L4, L5, and L6 DRGs were dissected from C57BL/6 and Y1472F-KI mice at 4 to 5 weeks of age. Some mice were subjected to a unilateral axotomy. The left sciatic nerve was ligated and cut at mid-thigh level under pentobarbital anesthesia. Seven days later, the animals were killed; and their ganglia were then collected. The ganglia were digested with 0.7 mg/ml collagenase type II (Sigma) in Dulbecco's modified Eagle medium (DMEM) for 50 min at 37°C followed by 0.05% trypsin-EDTA for 5 min at 37°C, and then the digestion was stopped by the addition of 0.2 mg/ml of trypsin inhibitor (Sigma). The cells were dispersed by pipetting and then filtered through a 70-μ m cell strainer (BD). The cell number was counted, and the cells were plated onto poly-D-lysine and laminin-coated glass cover slips (in 24-well plates) at a density of 2.5 × 103 cells/ml and cultured in Neurobasal medium with 2% B27 supplement. To some wells 10–100 ng/ml of NGF or GDNF (PeproTech, Rocky Hill, NJ) was added, and the cells were then cultured at 37°C in a humidified atmosphere containing 5% CO2. After 22–26 h of culture, the neurons were fixed in 4% paraformaldehyde for 15 min on ice and washed with PBS. Non-specific binding sites were blocked with blocking solution (2% bovine serum albumin, 0.25% Triton X-100 in PBS) for 30 min at room temperature, and then the fixed cells were incubated overnight at 4°C with anti-PGP9.5 antibody (Ultraclone) diluted 1:1000 in blocking solution. After having been washed with PBS, the neurons were incubated with a 1:500 dilution of Alexa 546-conjugated goat anti-rabbit IgG (Invitrogen) for 1 h at room temperature and washed in PBS. After the coverslips had been mounted to glass slides with Vectashield (Vector Laboratories), the immunostained neurons were observed with a Zeiss laser scanning confocal microscope (LSM 510 META, Carl Zeiss); and 200–400 cells per sample were counted to measure the percentage of cells with neurite outgrowth. The cells that extended neurites to a length greater than 2 cell-body diameters were classified as process-bearing neurons.
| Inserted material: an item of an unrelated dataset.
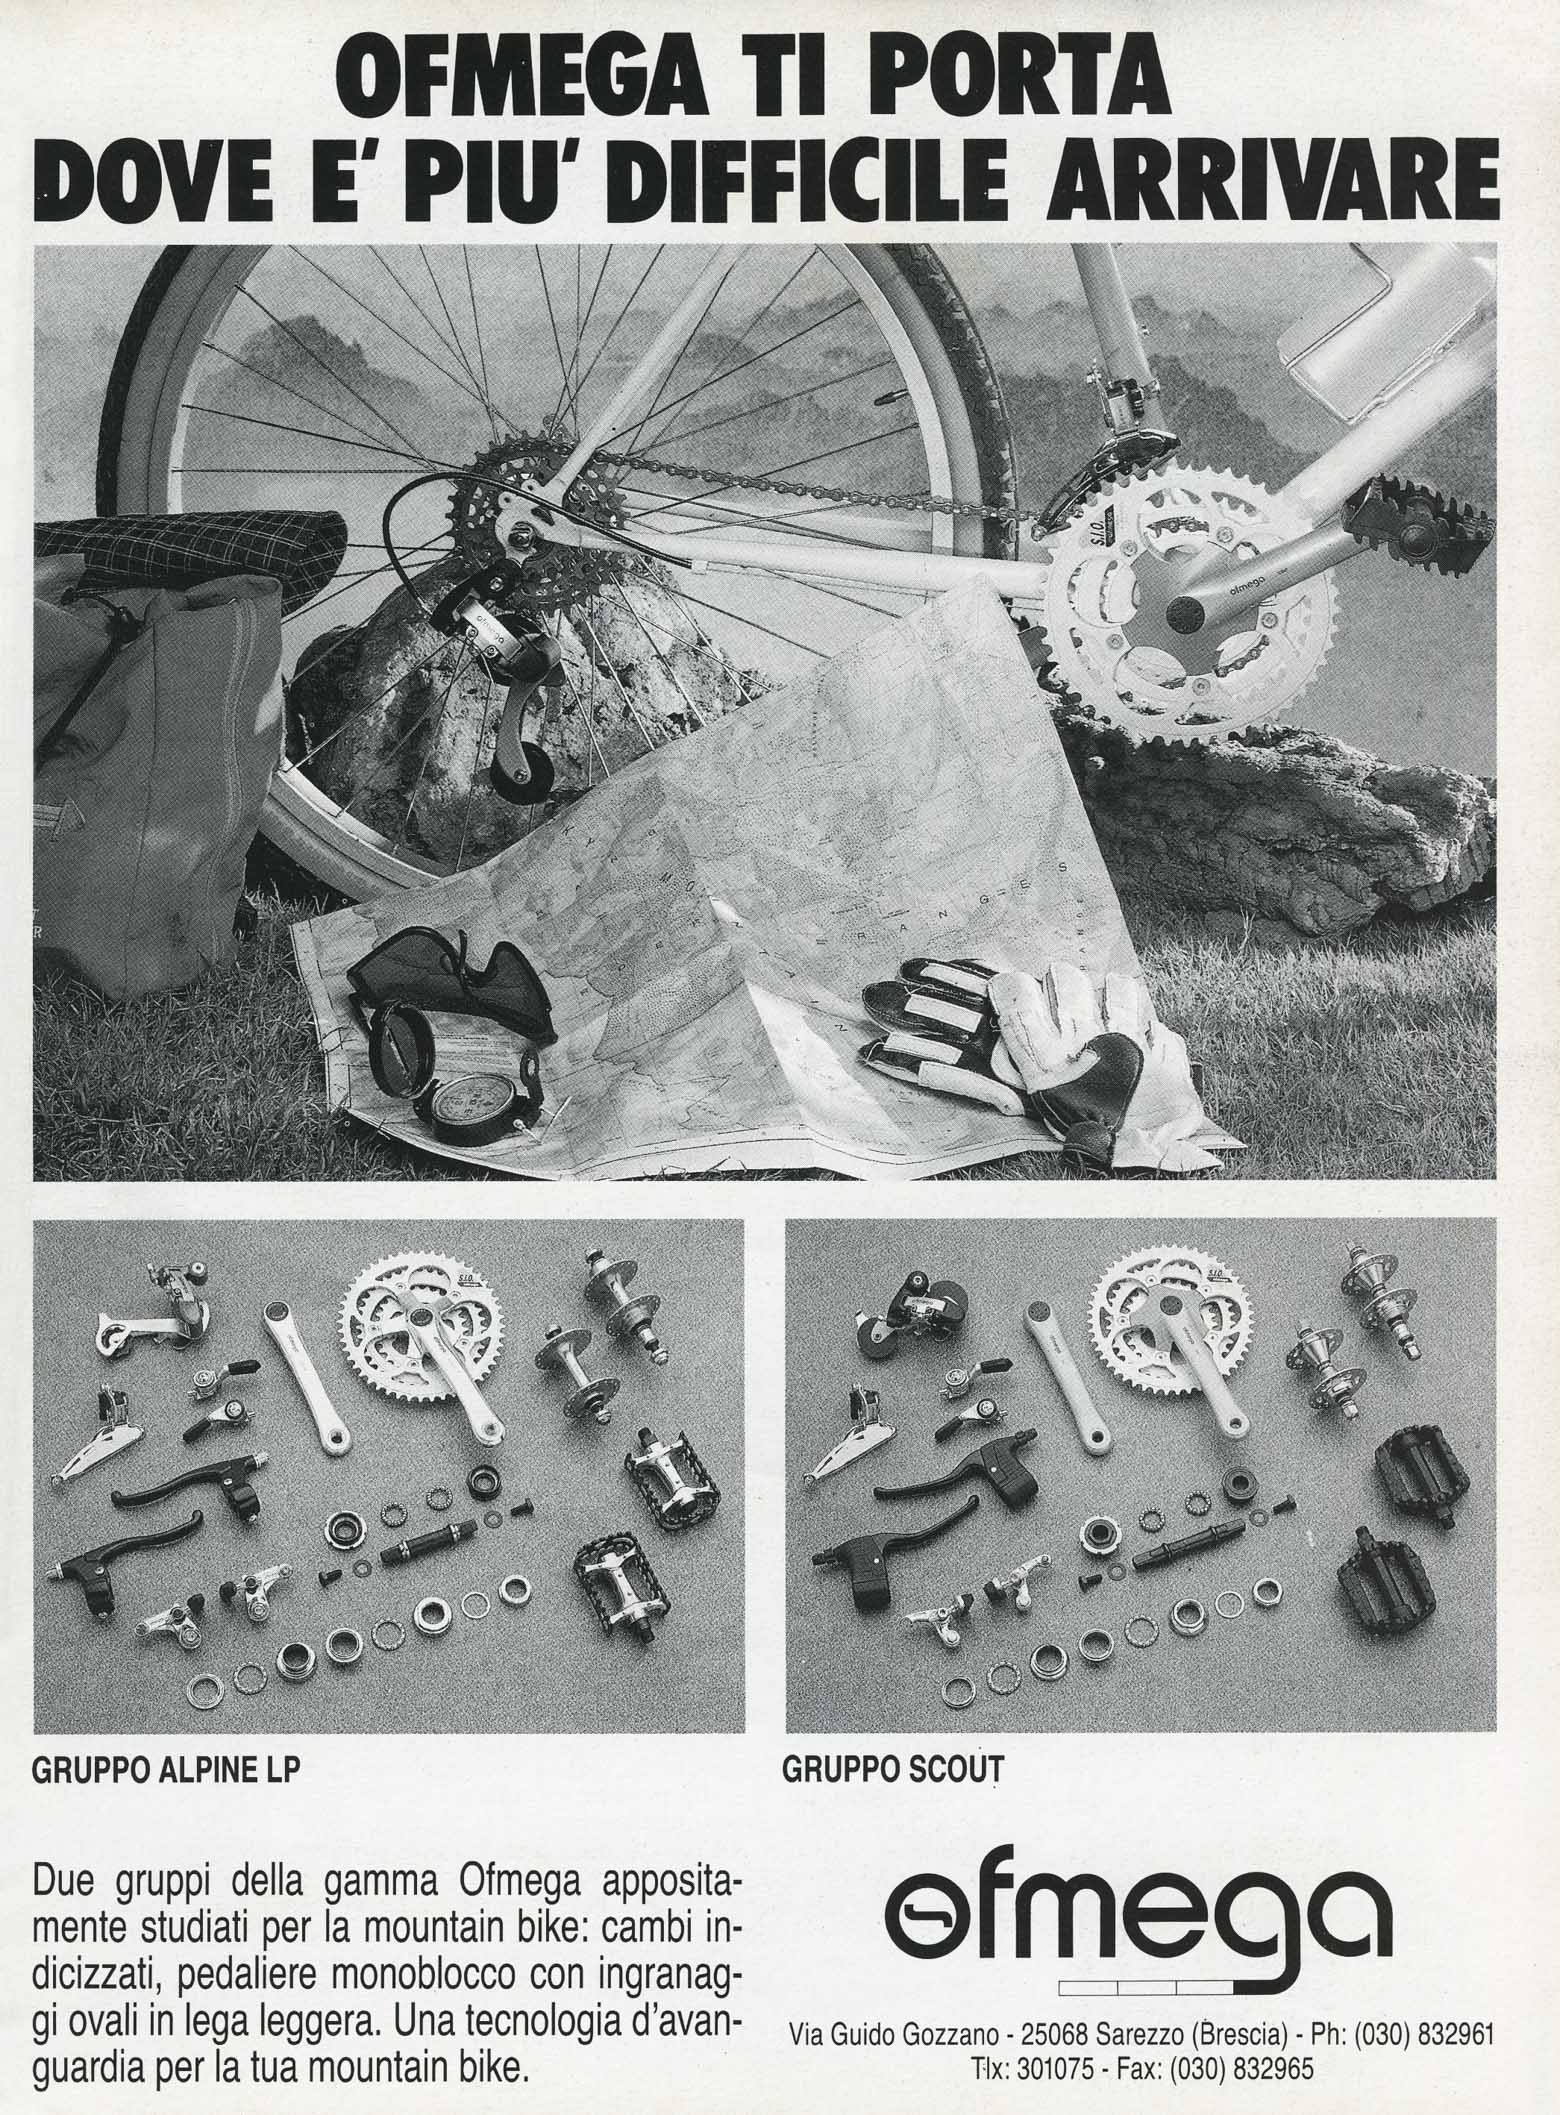 La Bicicletta 1989 April - Ofmega advert main image

Release of lactate dehydrogenase (LDH)
LDH release was measured with an LDH-Cytotoxic Test kit (Wako Pure Chemicals, Osaka, Japan) according to manufacturer's instructions. Briefly, after DRG neurons (3,000/well) had been incubated without or with 0.1–1 mM glutamate in a 96-well plate for 24 h, 50 μl of culture medium was transferred from each well to a well of another 96-well plate; and 50 μl of freshly prepared coloring solution was added to it. LDH activity was colorimetrically measured at 560 nm by use of a plate reader (Enspire 2300 Multilabel Reader, PerkinElmer, Waltham, MA).
Data were presented as mean ± standard deviation (SD). The Mann–Whitney U-test was used for the statistical analysis of allodynia data, and Bonferroni t-test or Student's t-test (two-tailed) was used for other analyses, by using SigmaPlot ver. 12 (Systat Software, Inc., San Jose, CA). P values of less than 0.05 were considered significant.